Is the United States controlling events or are events controlling us as we try to find a middle ground in this?

ROBERT MALLEY:

I think at this point the tempo is very much being set by the parties. What happens is each time the administration takes a view that it doesn't want to be too engaged something happens in the region and it has to send a higher gun. I think what has to happen is for the United States to be more in charge, again unless they want to choose the option of saying both sides are to blame and we're going to step back until they're ready, which is an option that Secretary James Baker chose under the first Bush administration.

GWEN IFILL:

Does Arafat, for instance, have the power to do the sorts of things we're asking him to do to actually control the violence which is happening from the Palestinian side?

ROBERT MALLEY:

He can do a lot. He can do more than he's done.
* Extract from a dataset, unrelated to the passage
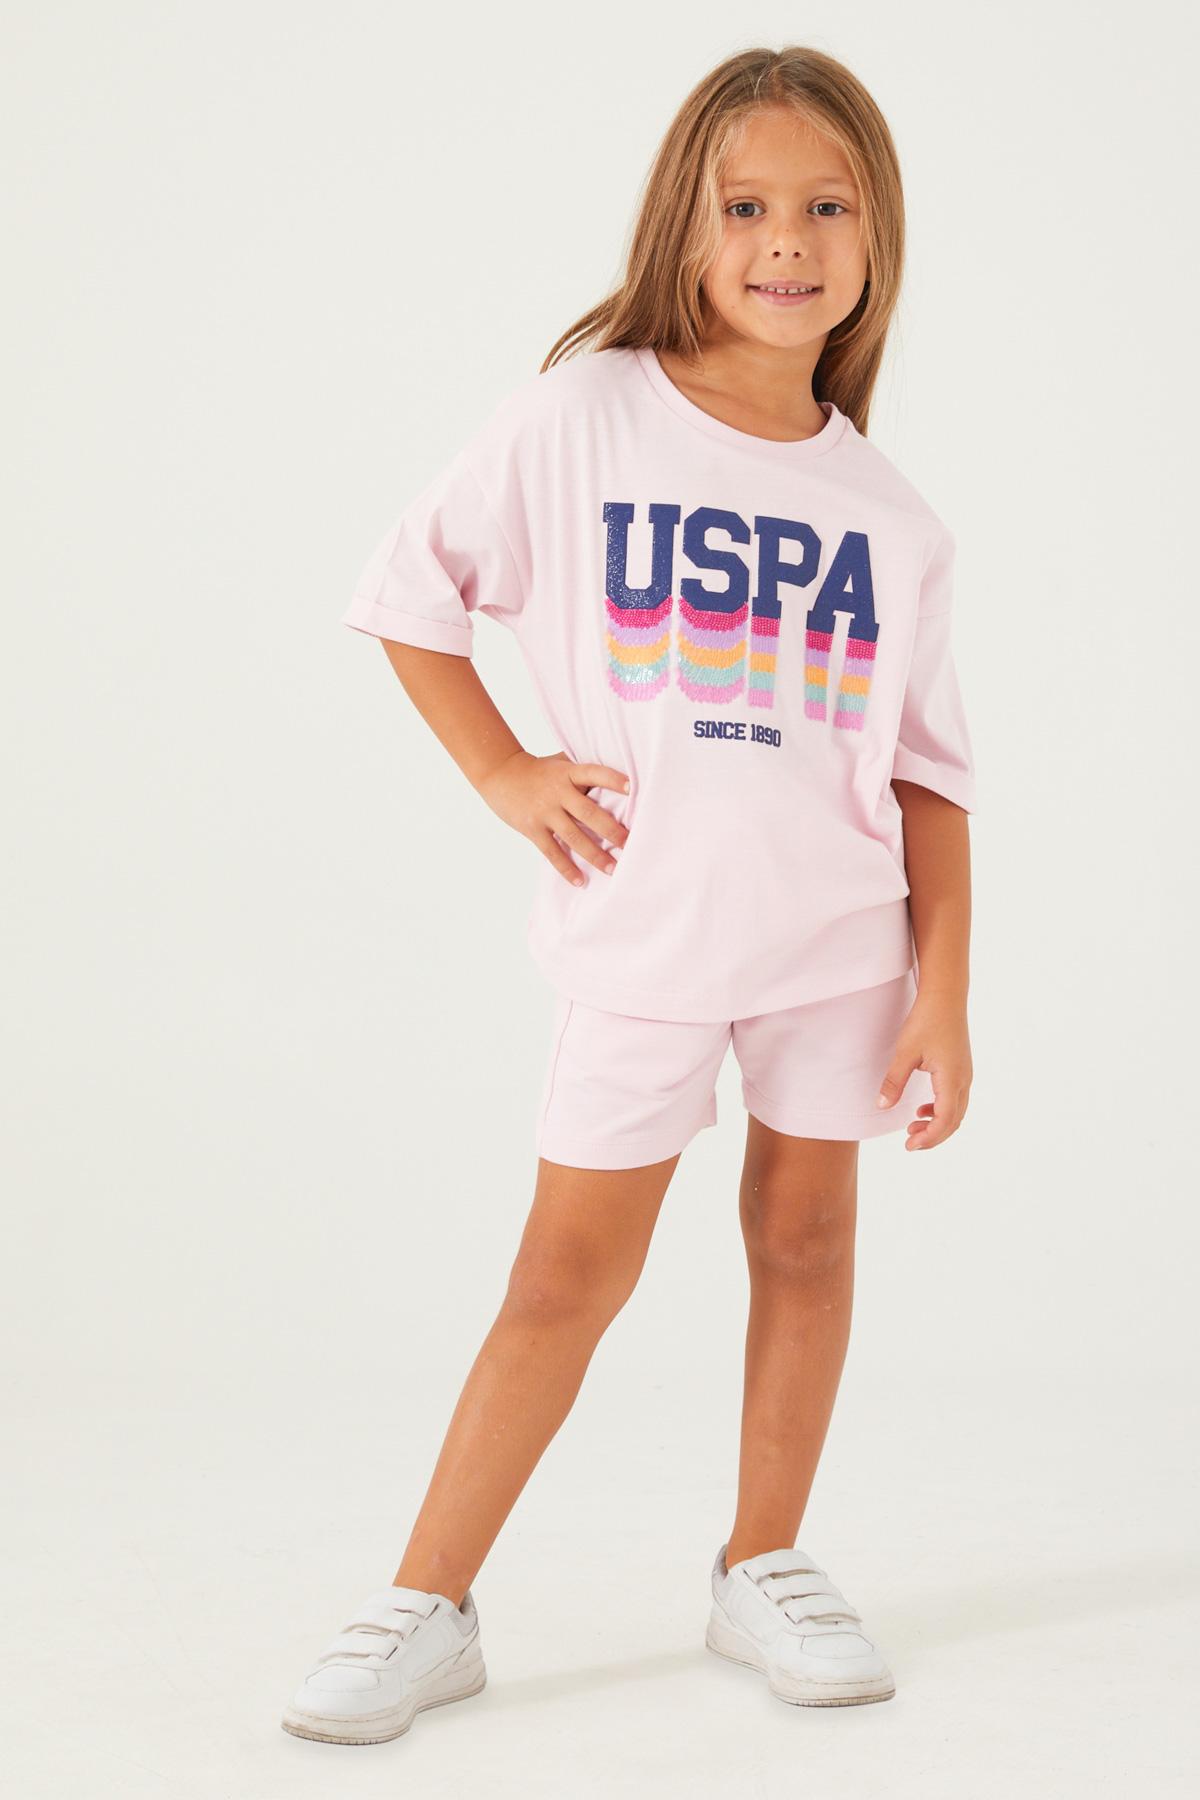 Selected image for U.S. POLO ASSN. Komplet šorc i majica za devojčice US1405-G roze
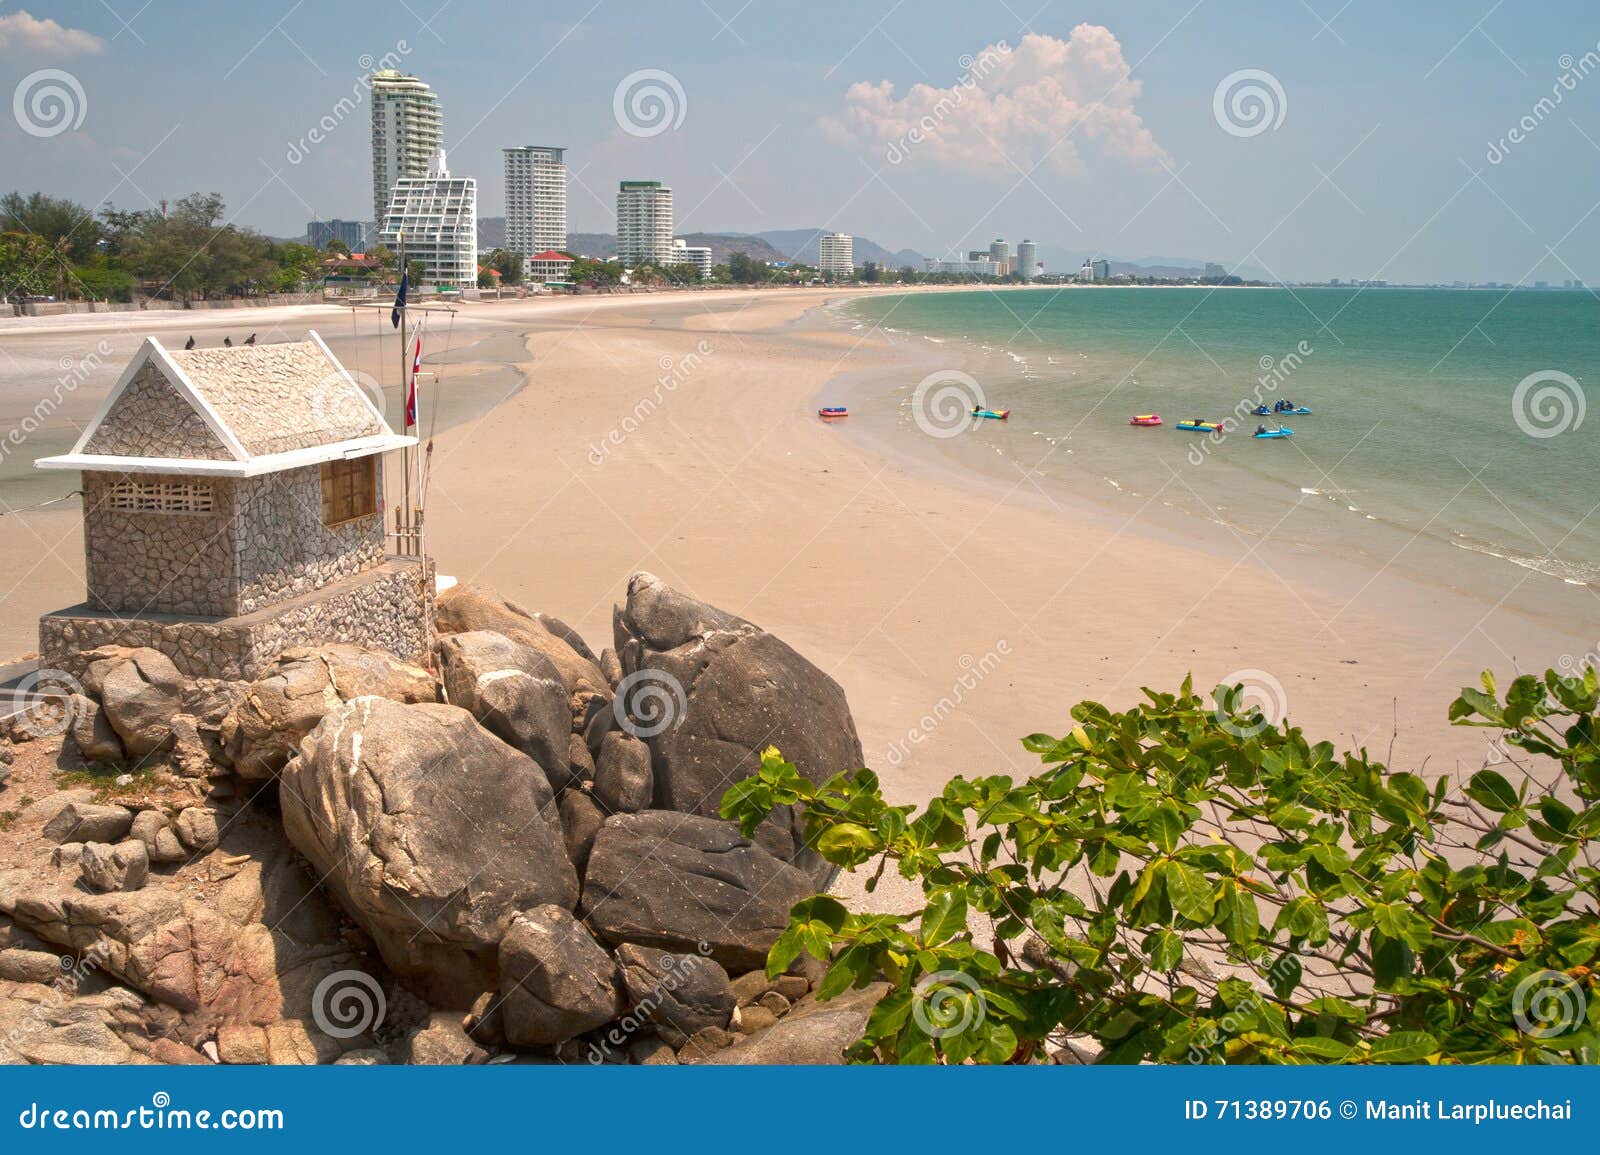 Hua Hin Beach From Khao Takiab Temple Thailand Stock Photo

I think there's, if you want to put a percentage, 75-80% of the violence that he can control. But there is a residue of violence that he can't control, A) without the political ingredients that I spoke about in any event and, B) that are absolutely without his control, whether we are talking about Hamas or the Islamic Jihad. For him to take the steps to actually take the action against them then he really needs a political process because it's going to be a very bitter dispute if he tries to jail members of these two organizations.

GWEN IFILL:

Flip side of that question. Does Sharon have the will power to follow through on some of the things that the Mitchell report suggests?

GEOFFREY KEMP:

Well, Sharon is in something of a dilemma because he's discovering that being a prime minister, courting the world press, courting George Bush and the Europeans requires that he be statesman-like, that he be cautious in his reactions. He's got a right wing particularly in the settler community that is livid with him at this point in time who want to unleash the old Sharon and go in and really be tough on the Palestinians. So far Sharon is verging on the side of restraint. He's had two meetings with George Bush in the Oval Office. Yasser Arafat has had none. That perhaps says it all. Sharon knows that the moment he really escalates violence against the Palestinians because of another bombing or something like that, then all this good will could easily be shattered overnight. I don't think he wants to get to that point.

GWEN IFILL:

At what point does it become wise for the United States to invite Yasser Arafat to the White House.

ROBERT MALLEY:

I think we shouldn't make too much of it as a carrot or as a stick of not inviting him. He's the person you have to deal with because as I said he has more control over the Palestinians than anyone else. If you want to deal with the Palestinians, you have to deal with him. At some point President Bush has to meet with him. President Bush has his own reasons for not wanting to do it. It would be a mistake to overestimate how much leverage the prospect of a visit actually has.

GWEN IFILL:

Does it give Arafat domestic political leverage, the prospect of a visit?

GEOFFREY KEMP:

I think it's seen right now not just by the Palestinian but our Arab friends as a snub, a very deliberate snub by an administration incidentally that most Arab, Arab leaders in the Middle East thought would be more favorably disposed towards them than Bill Clinton who they saw as very, very pro Israel. So there's been a real shattering of illusions about the Bush administration. At some point I think a meeting with Bush will be inevitable if there is a ceasefire and if there is progress. But I don't think that's coming any time soon.

GWEN IFILL:

Geoffrey Kemp, Robert Malley, thank you both very much.